Uses Minimum Covariance Determinant (MCD) for robust covariance estimation, then identifies outliers based on Mahalanobis distance and chi-square distribution.
Args: data: DataFrame with samples as columns and genes as rows (will be transposed) alpha: Significance level for chi-square test (default: 0.05) support_fraction: Fraction of samples to use in MCD estimation (default: 0.75) transpose: Whether to transpose data before processing (default: True) seed: Random seed for reproducibility (default: 2023)
Returns: Tuple of: - cleaned_data: DataFrame with outliers removed - outlier_ids: List of outlier sample IDs - mahalanobis_distances: Array of Mahalanobis distances for all samples
Source code in renalprog/features.py
Example Usage:
import pandas as pd
from renalprog.features import detect_outliers_mahalanobis
# Load gene expression data (genes × samples)

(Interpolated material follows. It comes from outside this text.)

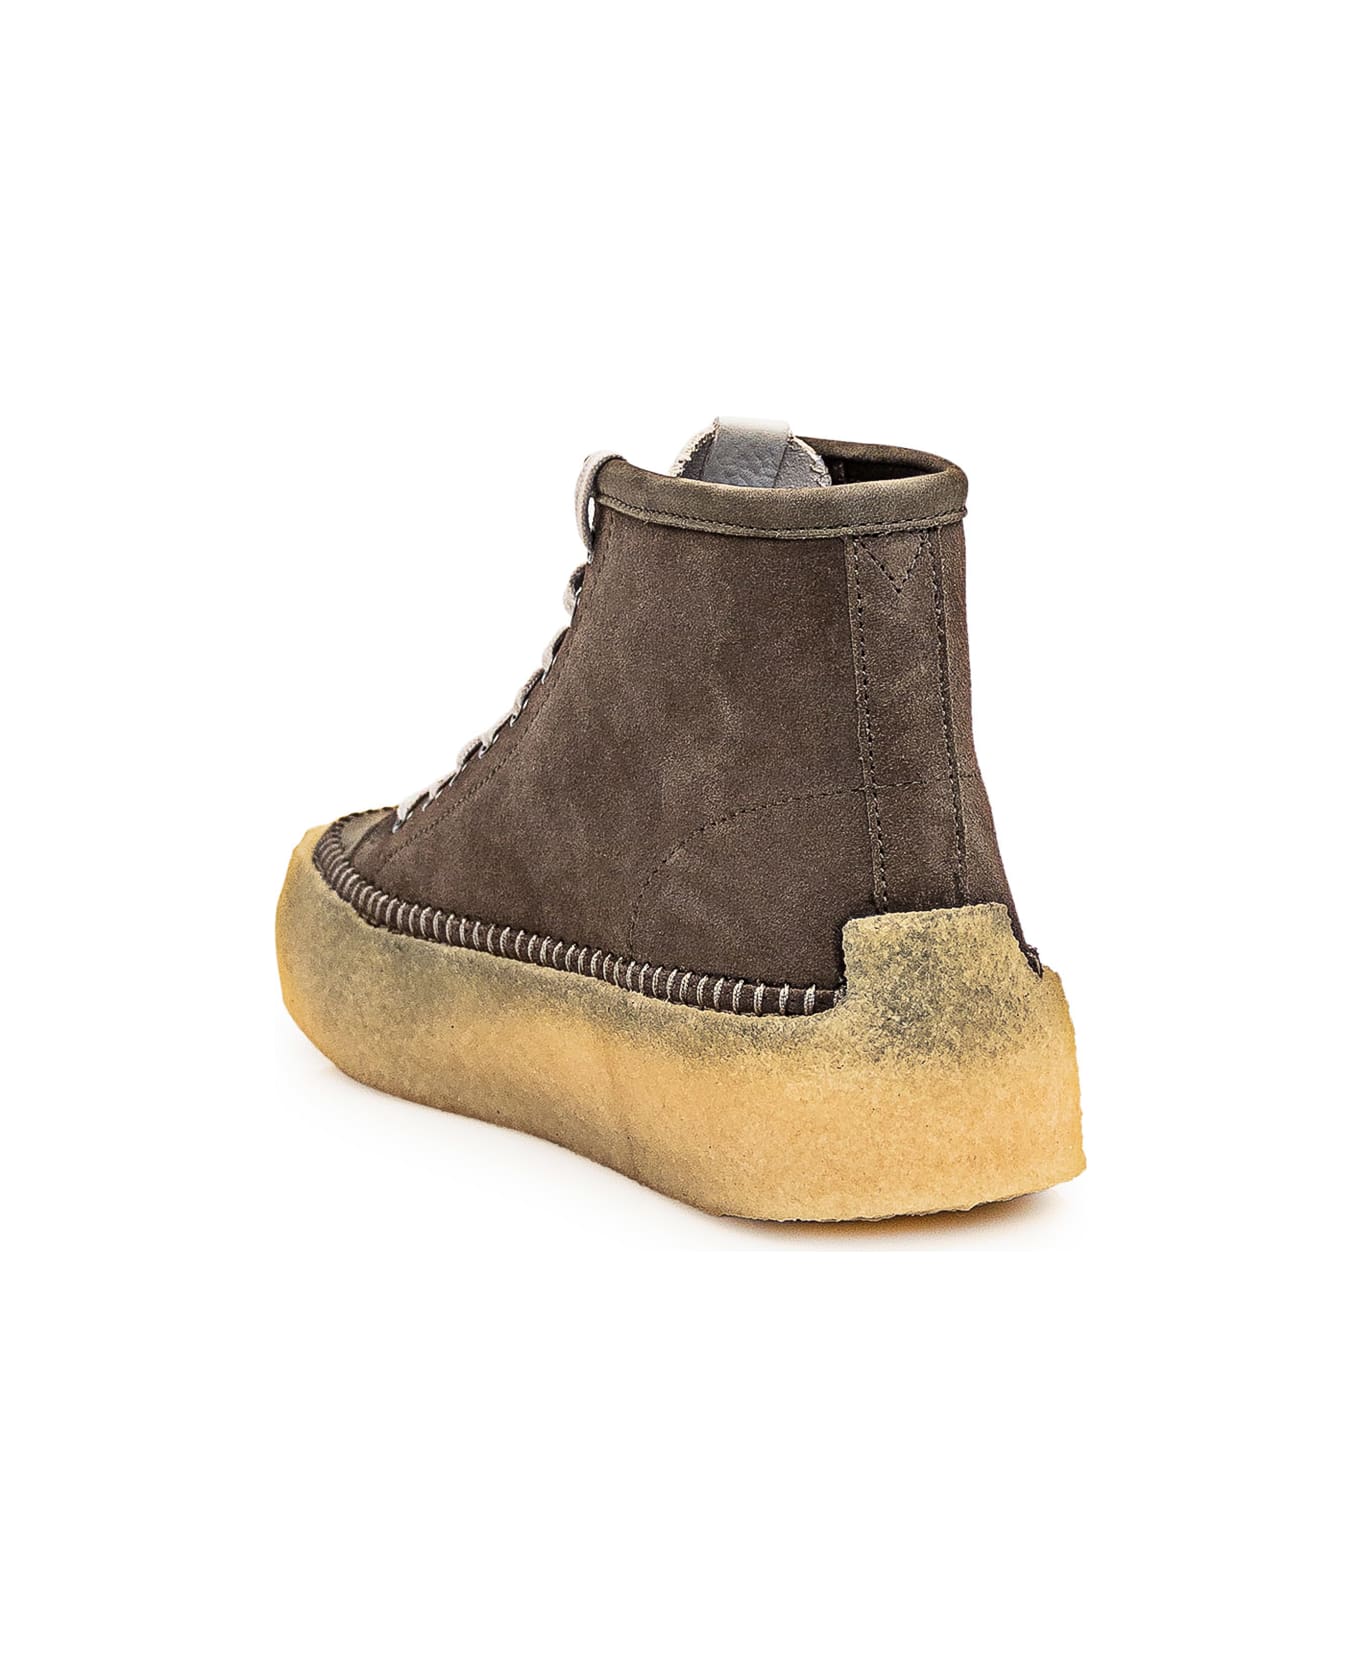 Clarks Caravad Mid Boots - ARMY

rnaseq = pd.read_csv("data/interim/filtered_expression.csv", index_col=0)
# Detect outliers
cleaned_data, outlier_ids, mahal_distances = detect_outliers_mahalanobis(
rnaseq,
alpha=0.05, # Significance level
support_fraction=None, # Auto-determine robust subset
transpose=True, # Transpose to samples × genes
seed=42
)
print(f"Original samples: {rnaseq.shape[1]}")
print(f"Outliers detected: {len(outlier_ids)}")

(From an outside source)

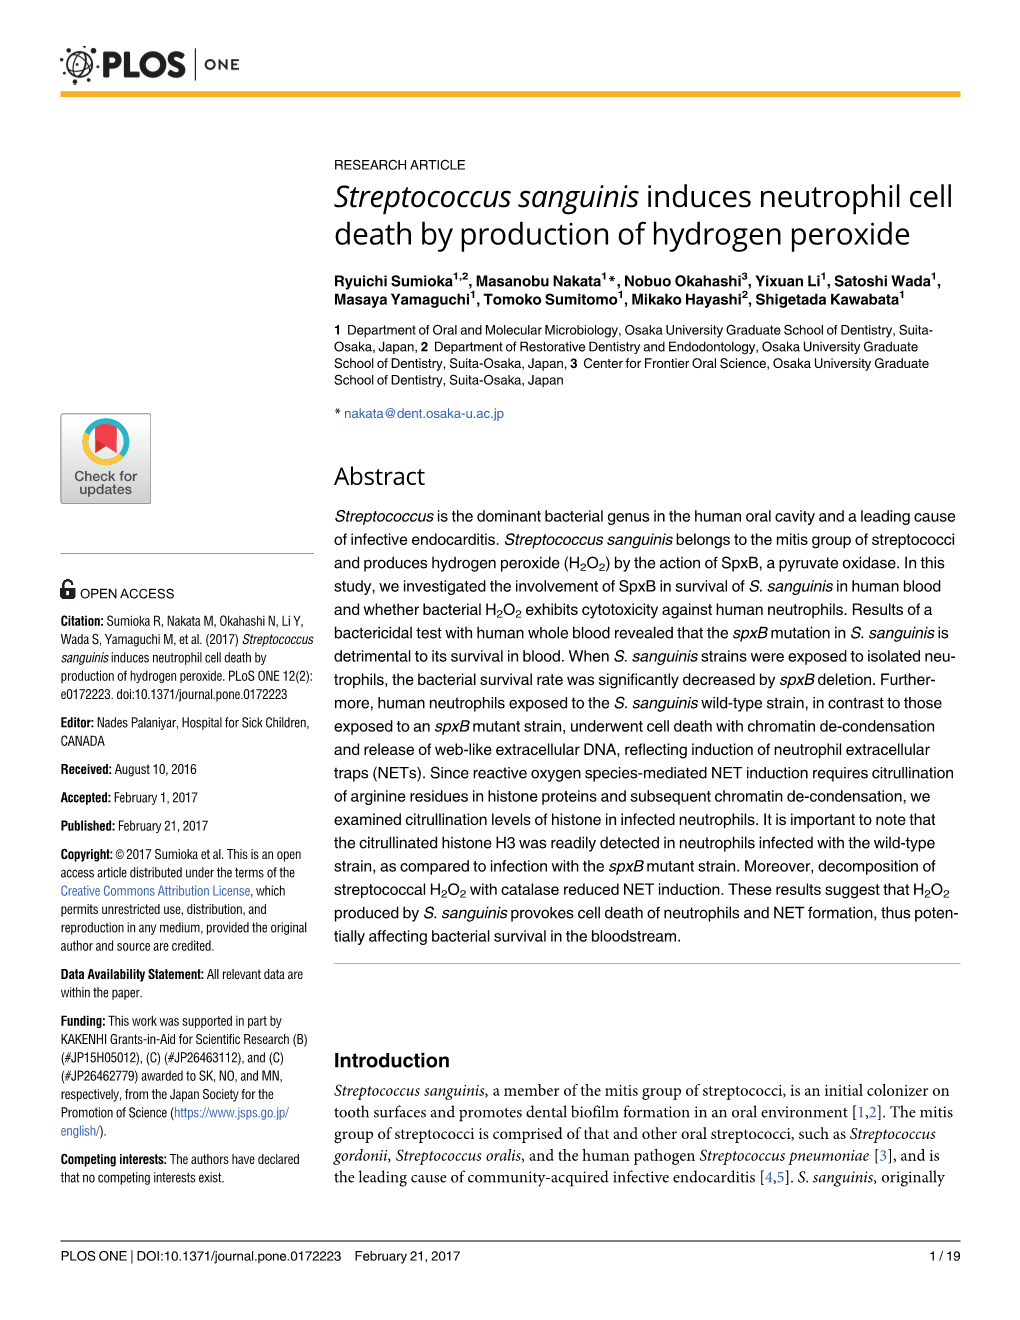 Streptococcus Sanguinis Induces Neutrophil Cell Death by Production of Hydrogen Peroxide

print(f"Clean samples: {cleaned_data.shape[1]}")
print(f"Outlier IDs: {outlier_ids}")
How It Works:
- Minimum Covariance Determinant (MCD): Computes robust covariance estimate
- Mahalanobis Distance: Calculates distance of each sample from the robust center
- Chi-square Test: Identifies outliers exceeding chi-square threshold at significance level α
Visualization:
import matplotlib.pyplot as plt
import numpy as np
from scipy.stats import chi2
# Plot Mahalanobis distances
n_features = rnaseq.shape[0]
cutoff = chi2.ppf(1 - 0.05, n_features)
plt.figure(figsize=(12, 5))
plt.subplot(1, 2, 1)
plt.hist(mahal_distances, bins=50, edgecolor='black')
plt.axvline(cutoff, color='red', linestyle='--', label=f'Cutoff (α=0.05)')
plt.xlabel('Mahalanobis Distance')
plt.ylabel('Count')
plt.legend()
plt.title('Distribution of Mahalanobis Distances')
plt.subplot(1, 2, 2)
plt.scatter(range(len(mahal_distances)), sorted(mahal_distances))
plt.axhline(cutoff, color='red', linestyle='--')
plt.xlabel('Sample Index (sorted)')
plt.ylabel('Mahalanobis Distance')
plt.title('Sorted Mahalanobis Distances')
plt.tight_layout()
plt.savefig('outlier_detection.png', dpi=300)
Quality Control Workflow¶
Complete QC pipeline for gene expression data:
from pathlib import Path
import pandas as pd
from renalprog.features import filter_low_expression, detect_outliers_mahalanobis
from renalprog.config import PreprocessingConfig
import logging
logging.basicConfig(level=logging.INFO)
logger = logging.getLogger(__name__)
def qc_pipeline(rnaseq_path: Path, output_dir: Path):
"""Run complete quality control pipeline."""
# Load configuration
config = PreprocessingConfig()
# Load data
logger.info("Loading RNA-seq data...")
rnaseq = pd.read_csv(rnaseq_path, sep="\t", index_col=0)
logger.info(f"Initial shape: {rnaseq.shape}")
# Filter low expression genes
logger.info("Filtering low expression genes...")
rnaseq_filtered = filter_low_expression(
rnaseq,
mean_threshold=config.mean_threshold,
var_threshold=config.var_threshold,
min_sample_fraction=config.min_sample_fraction
)
logger.info(f"After filtering: {rnaseq_filtered.shape}")
# Detect and remove outliers
logger.info("Detecting outliers...")
rnaseq_clean, outliers, distances = detect_outliers_mahalanobis(
rnaseq_filtered,
alpha=config.outlier_alpha,
seed=config.random_state
)
logger.info(f"Outliers removed: {len(outliers)}")
logger.info(f"Final shape: {rnaseq_clean.shape}")
# Save results
output_dir.mkdir(parents=True, exist_ok=True)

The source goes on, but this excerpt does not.